INSTRUCTIONS FOR THE TASK:
Please transcribe the data below in full, word for word, without the images.

RECORDED DATA:

====

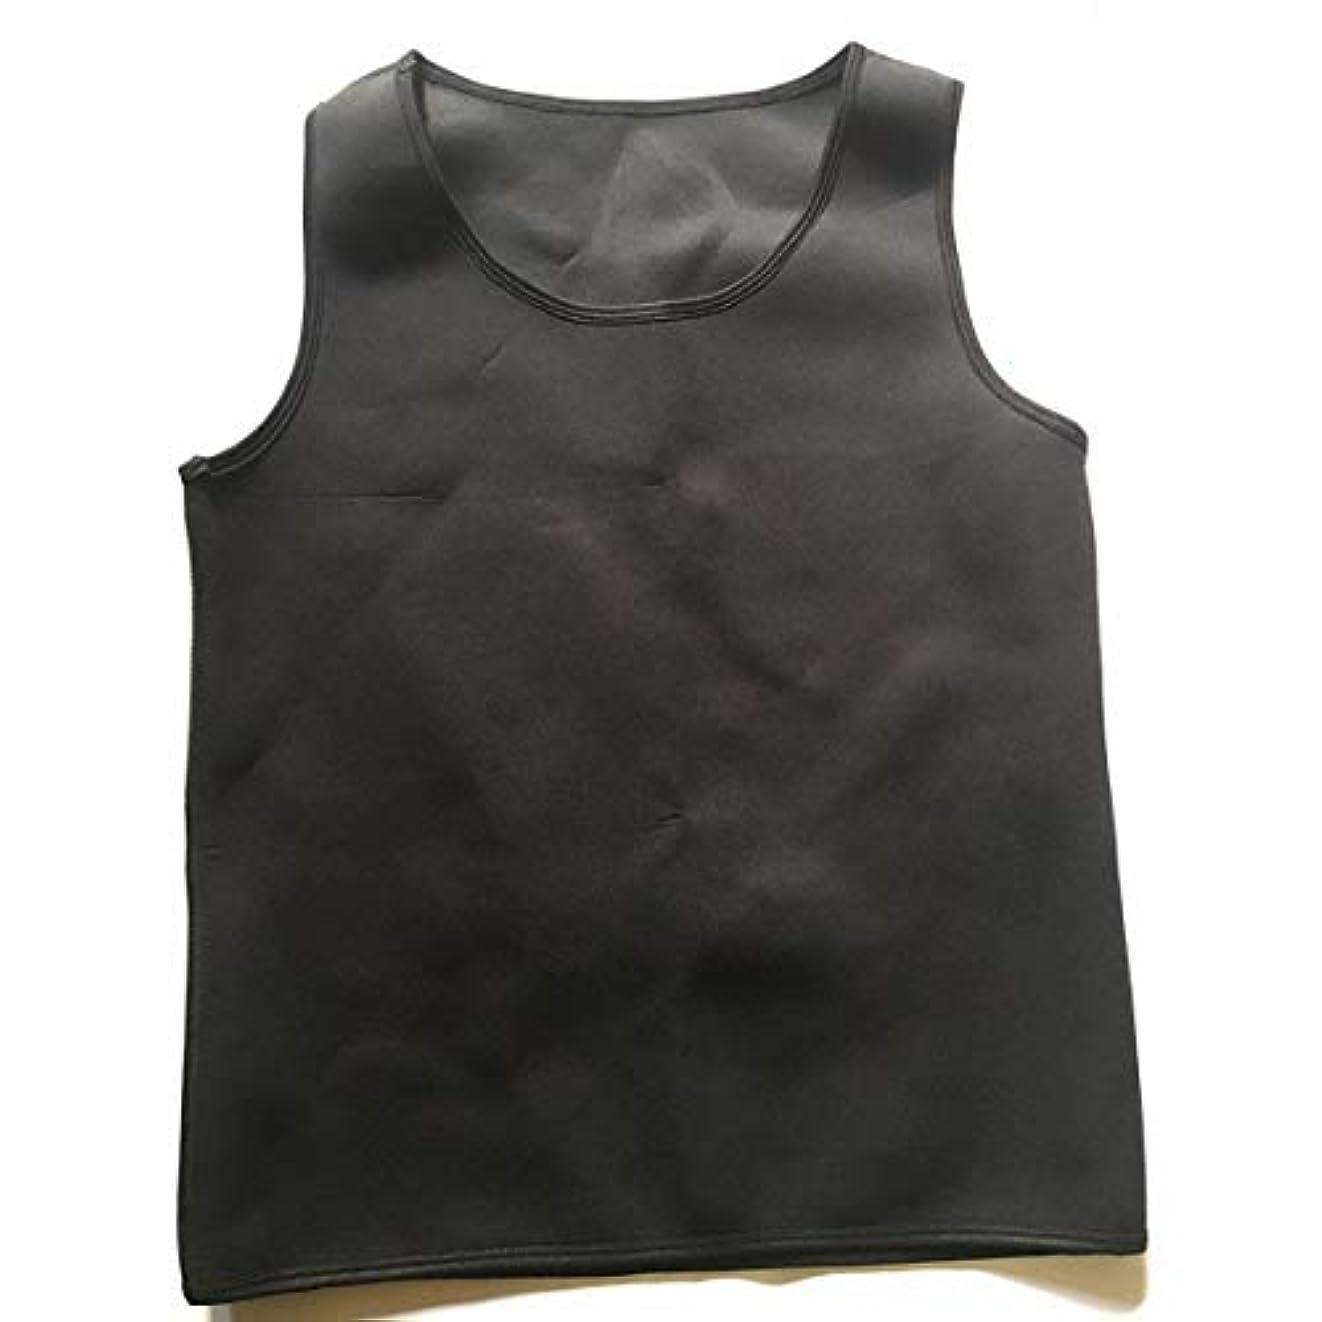 スタッフマルコポーロセグメントIntercoreyネオプレンウエストトレーナーSlim身ベルト腹男性Slim身ベストボディシェイパー腹部脂肪燃焼シェイパーウェア汗コルセット
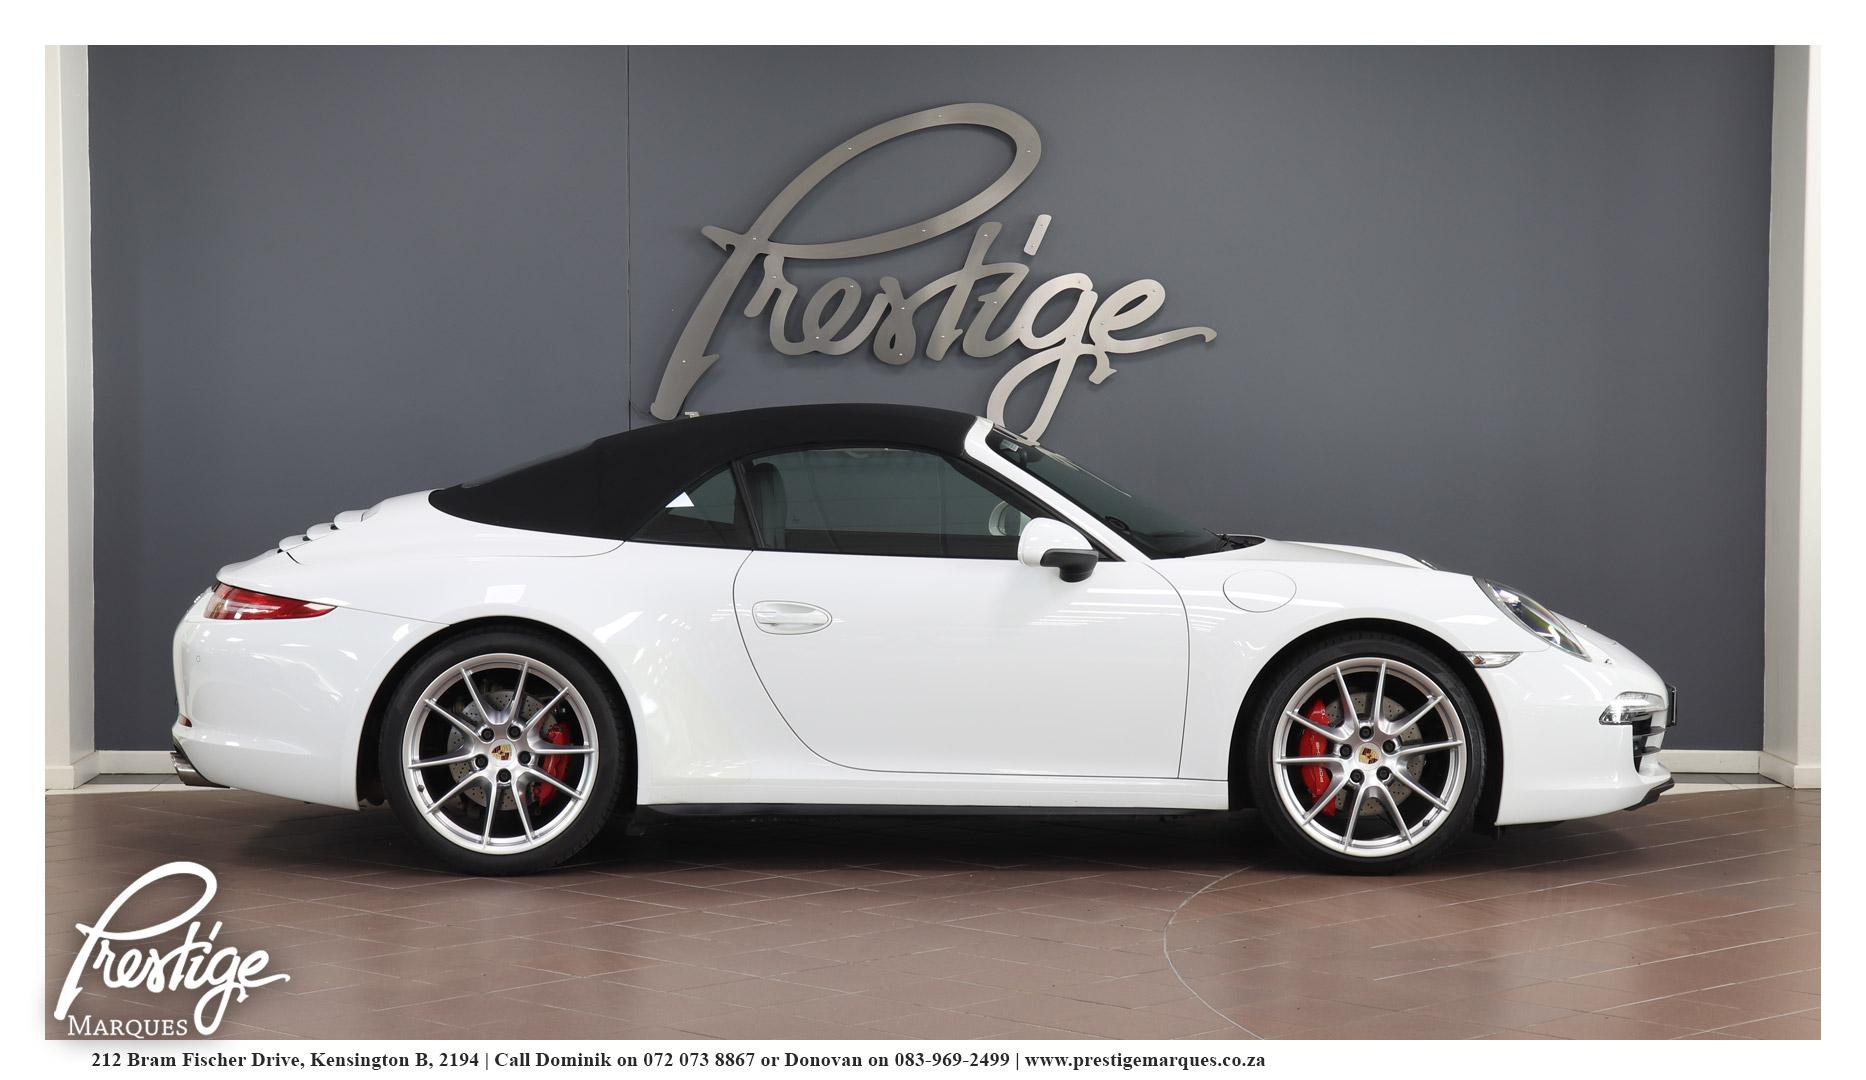 2013-Porsche-911-991-Carrera-4s-PDK-Cabriolet-Prestige-Marques-Randburg-Sandton-4
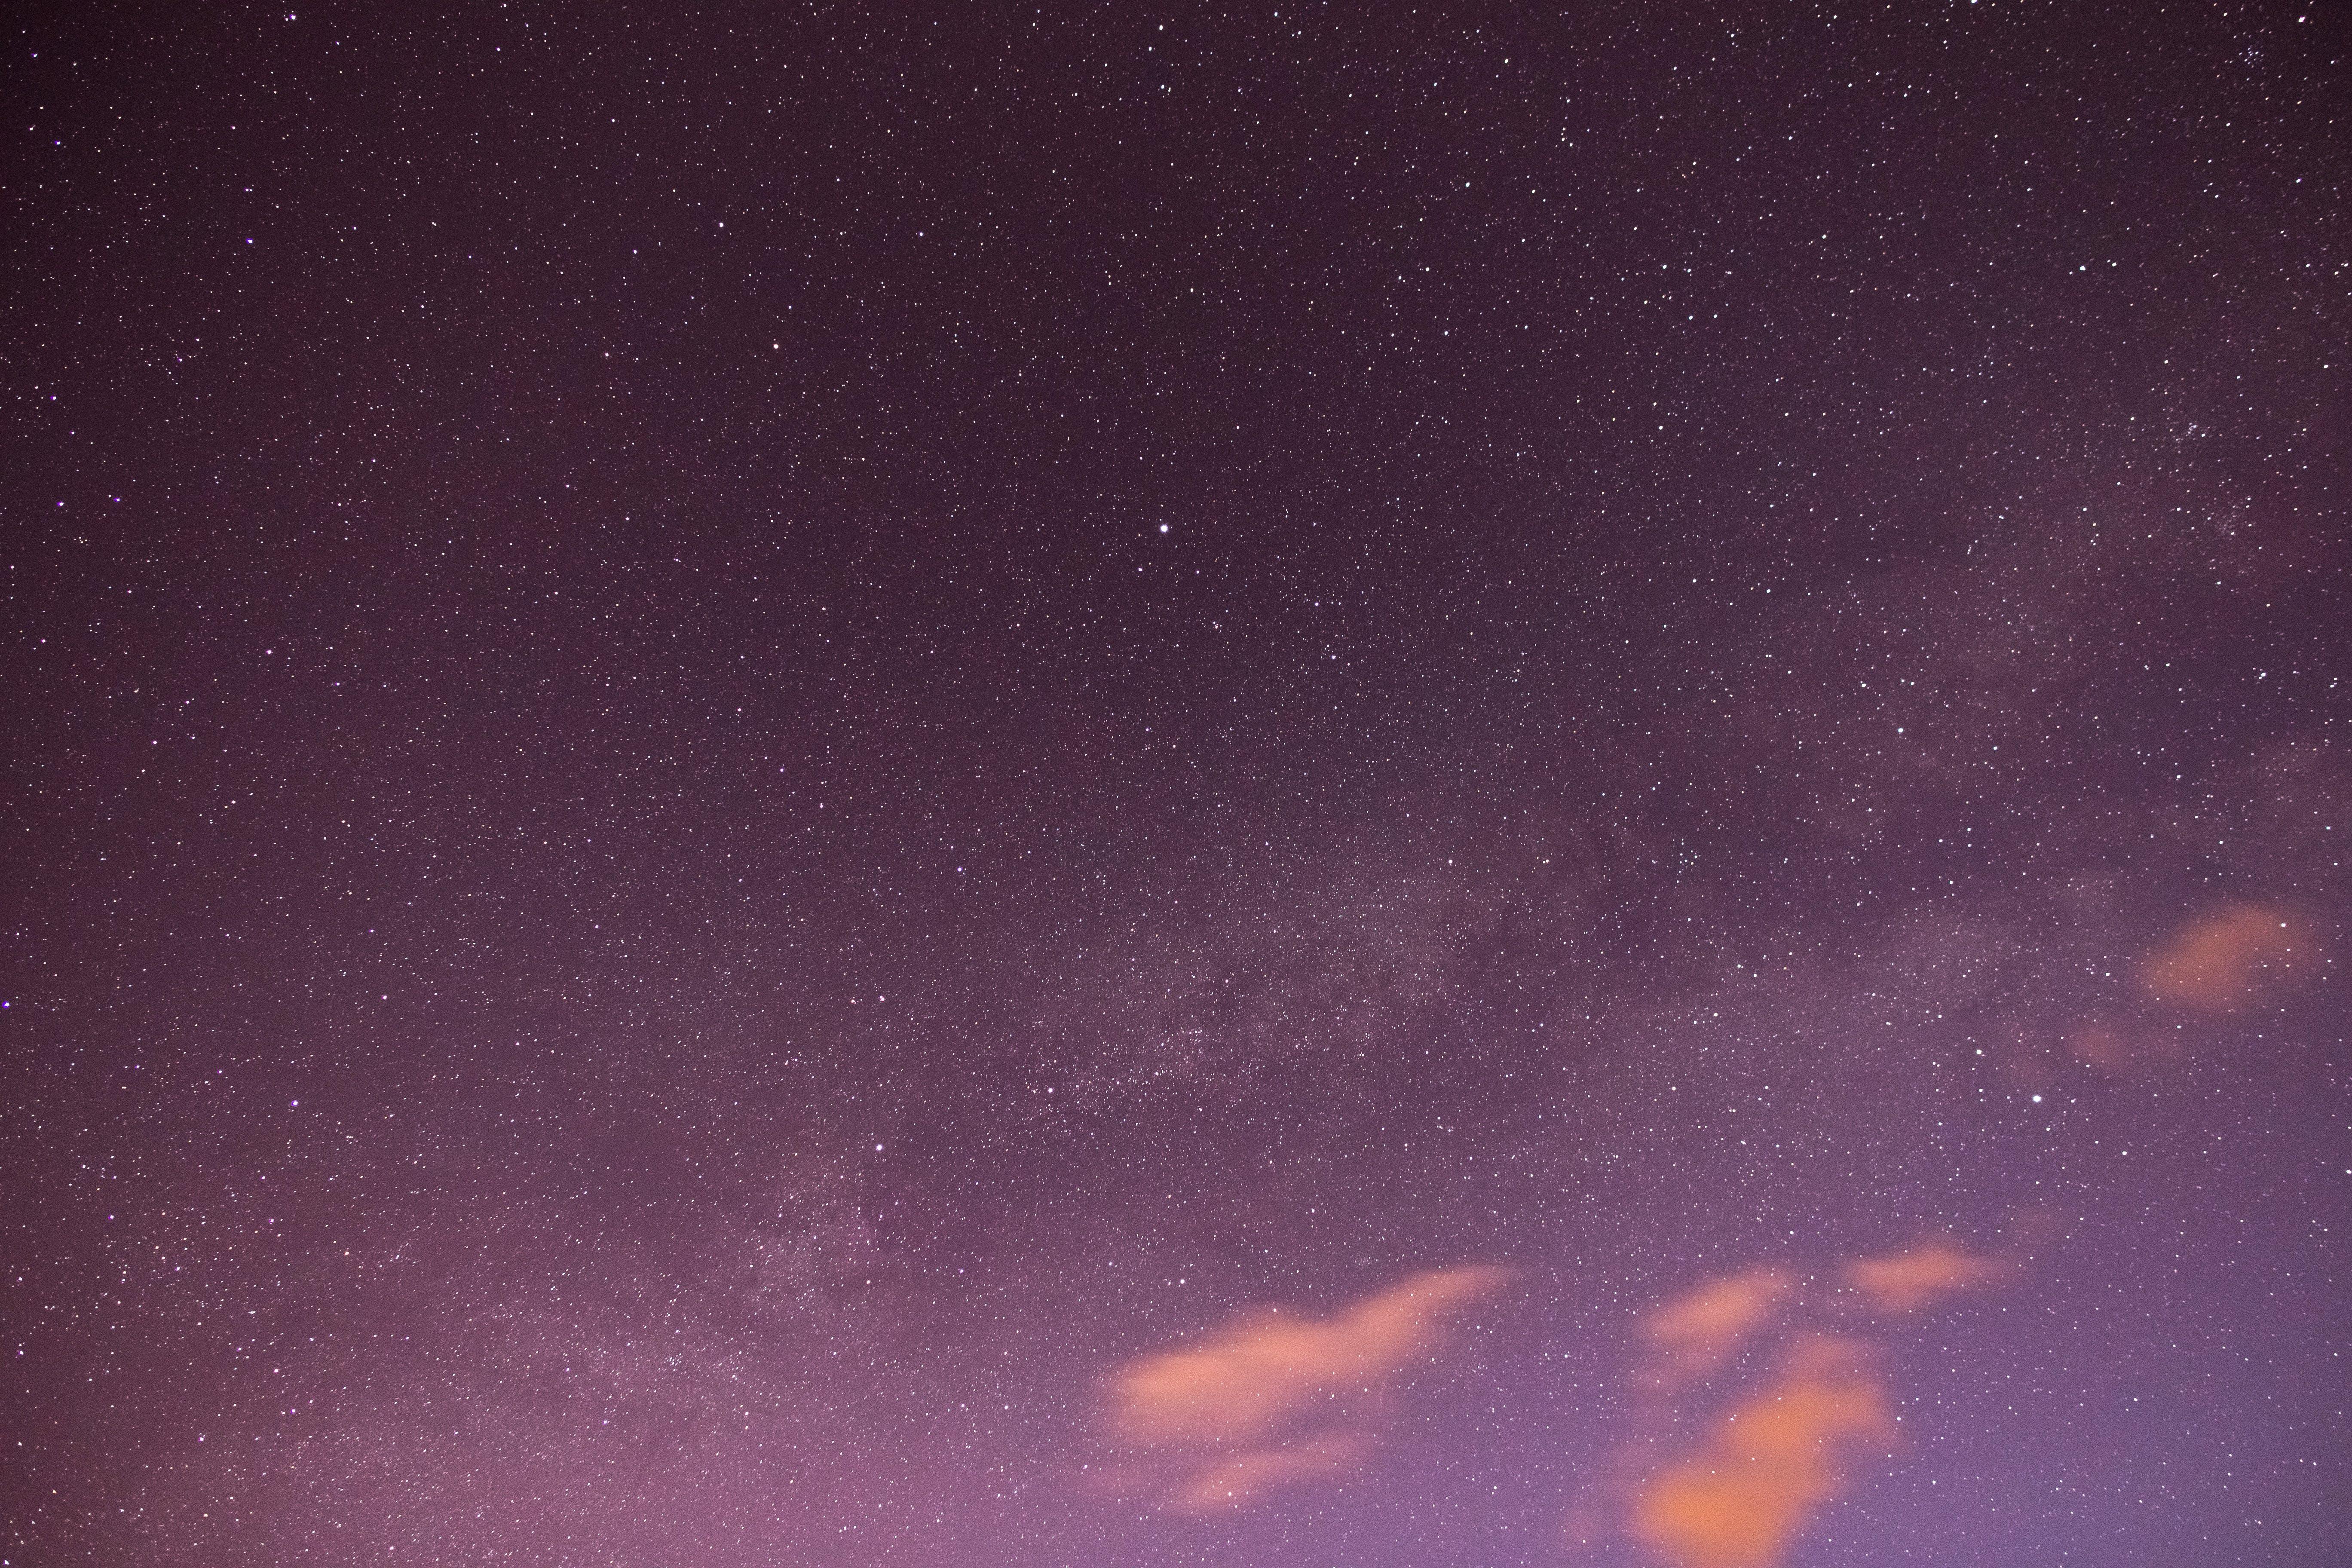 Gratis arkivbilde med himmel, konstellasjoner, mørk, natt

====

ANSWER TO THE PROBLEM:
 スタッフマルコポーロセグメントIntercoreyネオプレンウエストトレーナーSlim身ベルト腹男性Slim身ベストボディシェイパー腹部脂肪燃焼シェイパーウェア汗コルセット
 2013-Porsche-911-991-Carrera-4s-PDK-Cabriolet-Prestige-Marques-Randburg-Sandton-4
 Gratis arkivbilde med himmel, konstellasjoner, mørk, natt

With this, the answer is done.